- WORK REQUEST
All lines from the one that has "Shopping News logo" onward to the end of the records below are to be returned exactly; pictures are to be skipped.

** DATA EXTRACT follows **

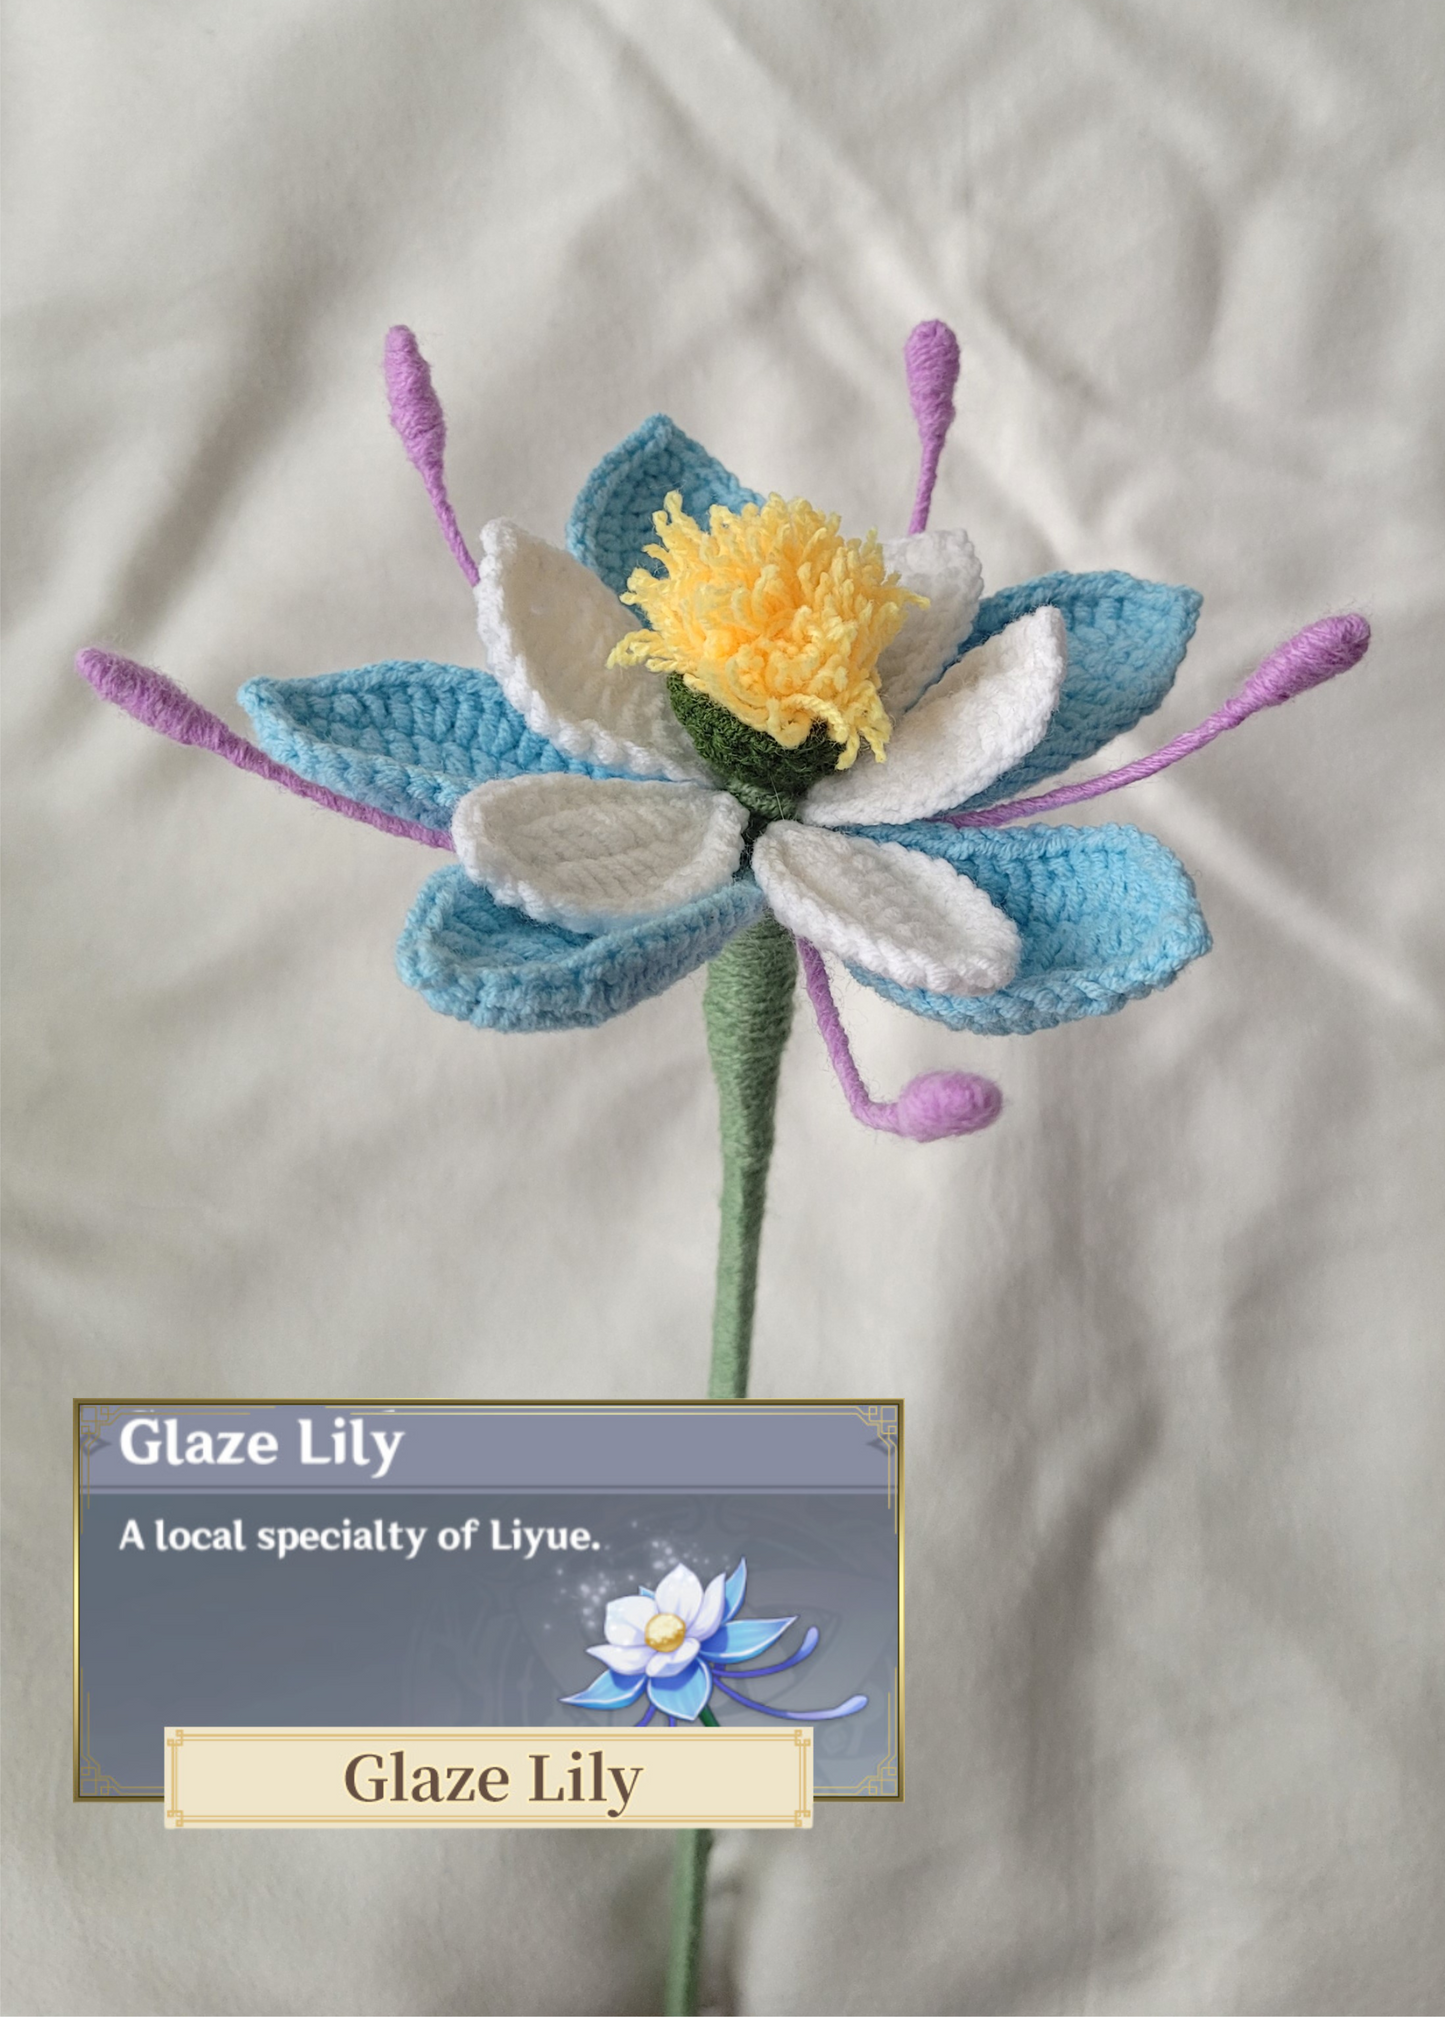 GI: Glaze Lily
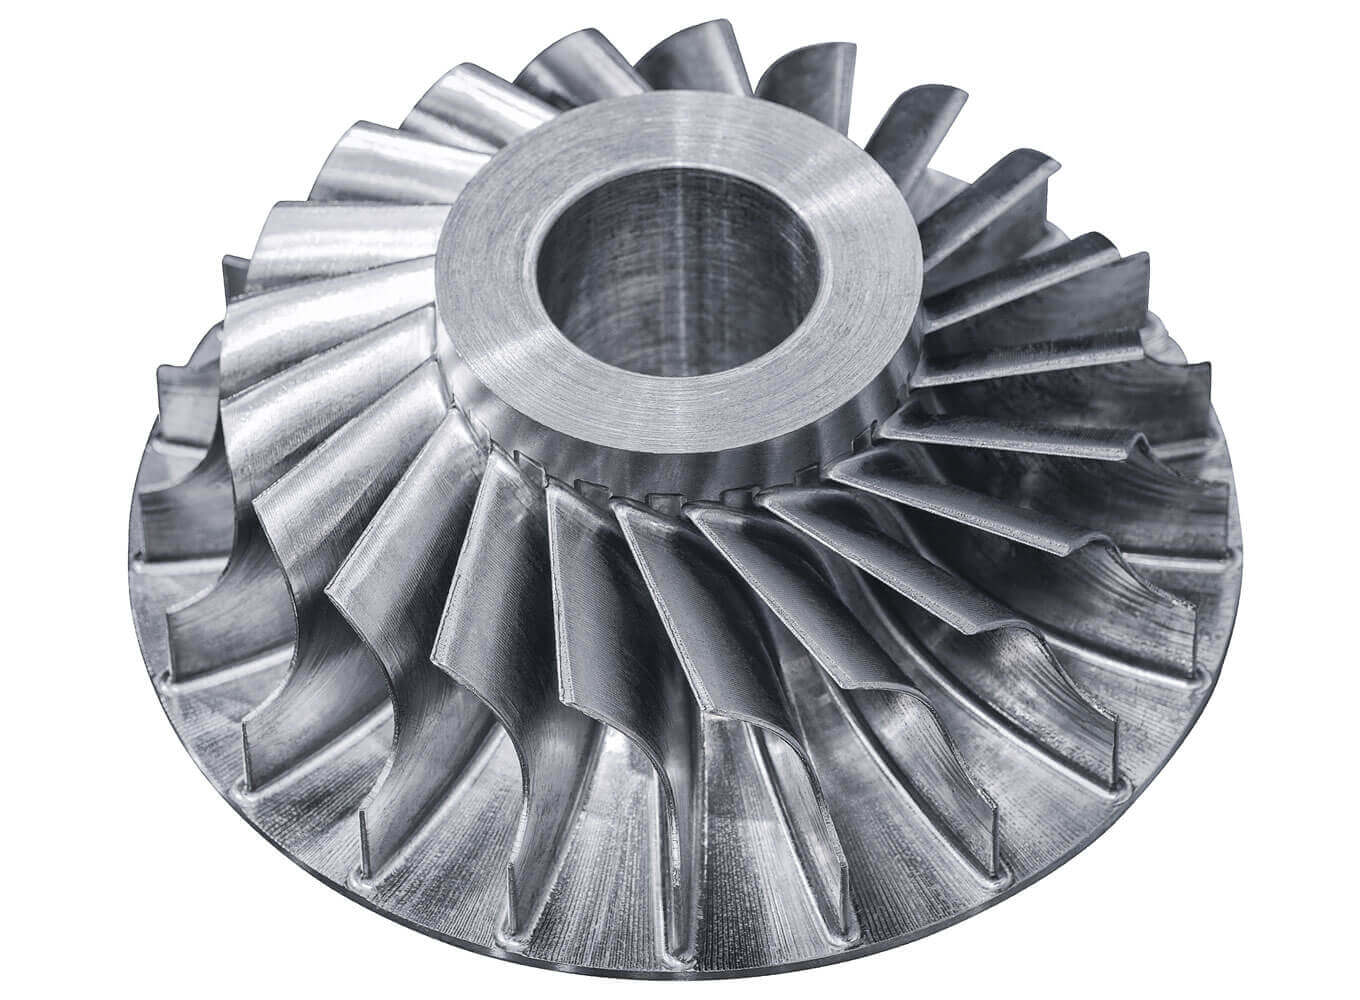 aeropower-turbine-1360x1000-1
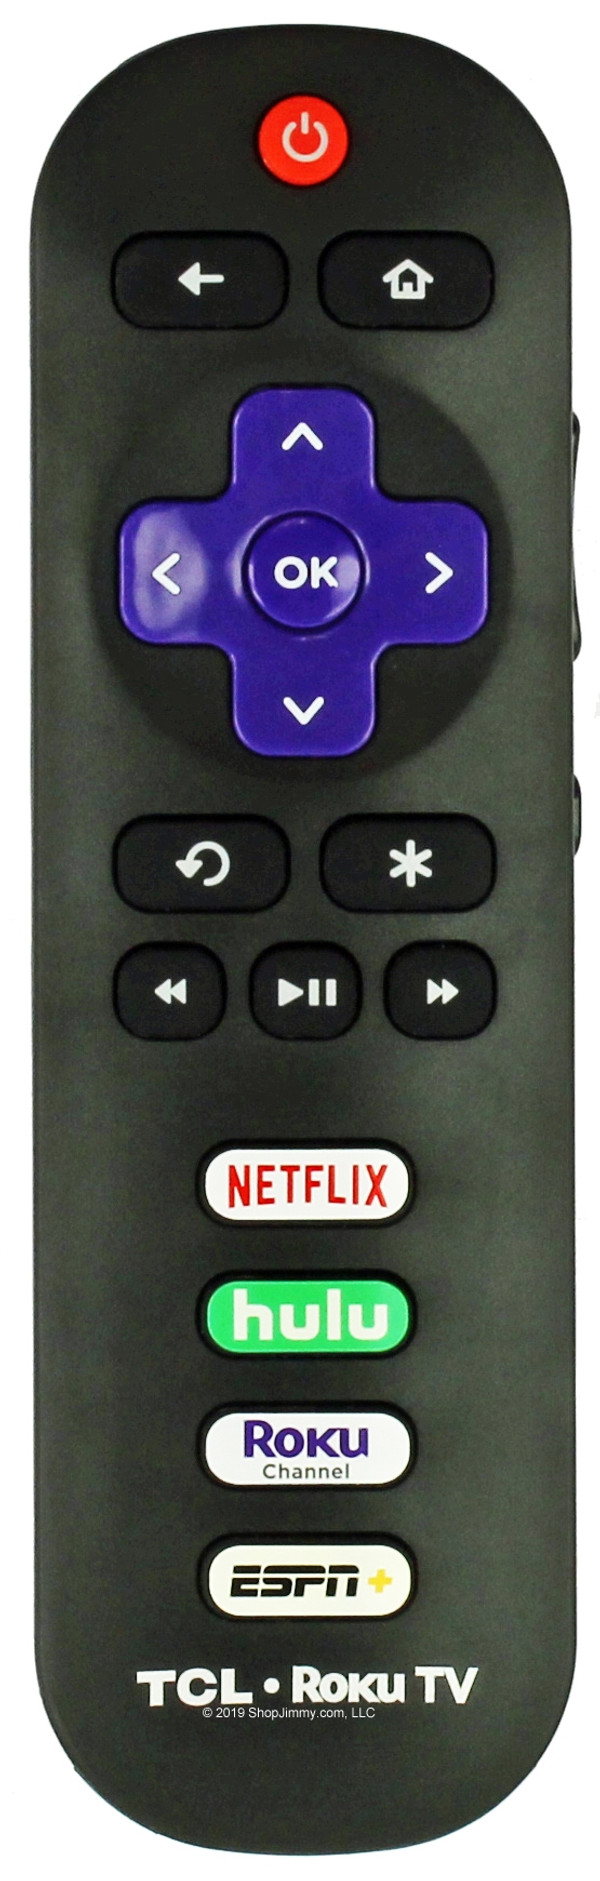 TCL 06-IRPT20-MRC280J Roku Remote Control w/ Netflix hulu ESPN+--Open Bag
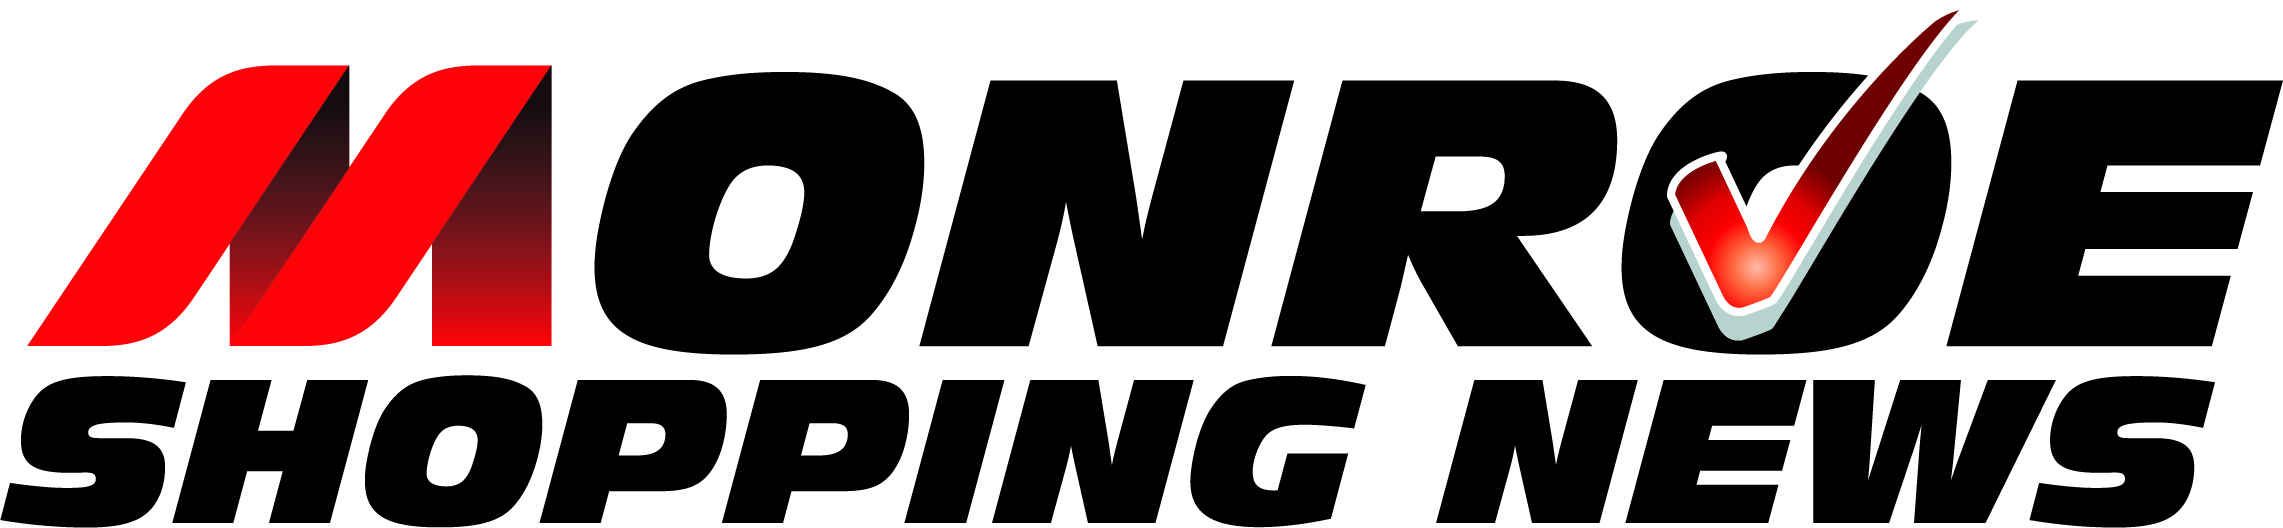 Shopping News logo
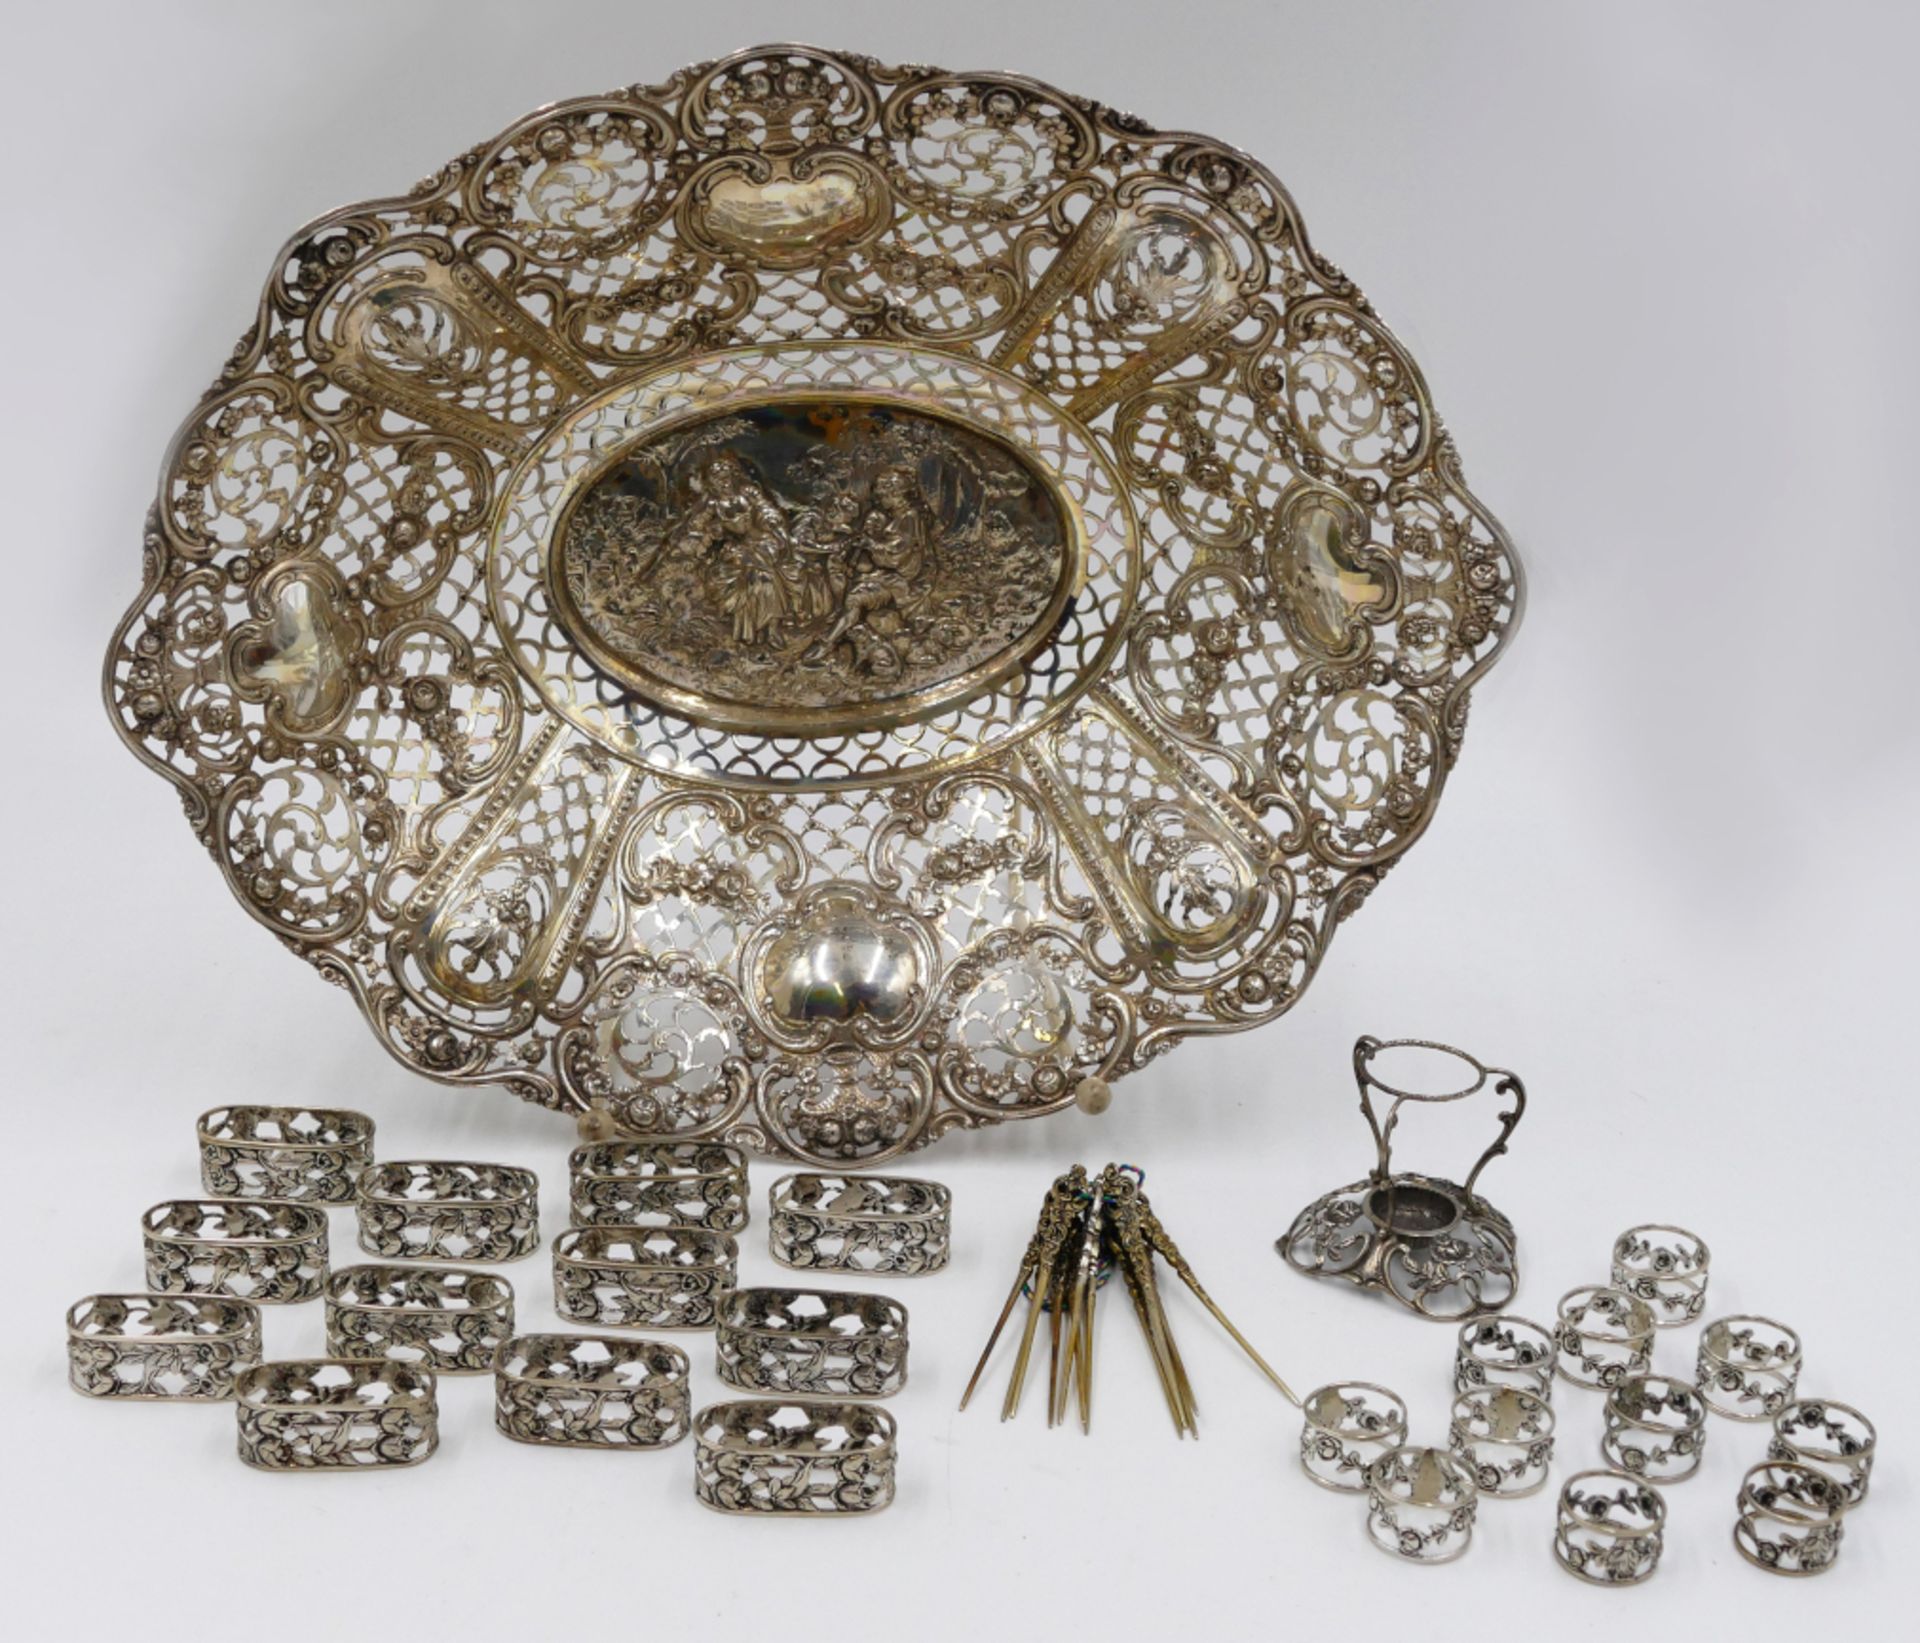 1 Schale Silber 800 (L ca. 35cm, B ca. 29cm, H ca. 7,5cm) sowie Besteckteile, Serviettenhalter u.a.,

** End of DATA EXTRACT **

- ANSWER FOR THIS EXERCISE
 Shopping News logo
 1 Schale Silber 800 (L ca. 35cm, B ca. 29cm, H ca. 7,5cm) sowie Besteckteile, Serviettenhalter u.a.,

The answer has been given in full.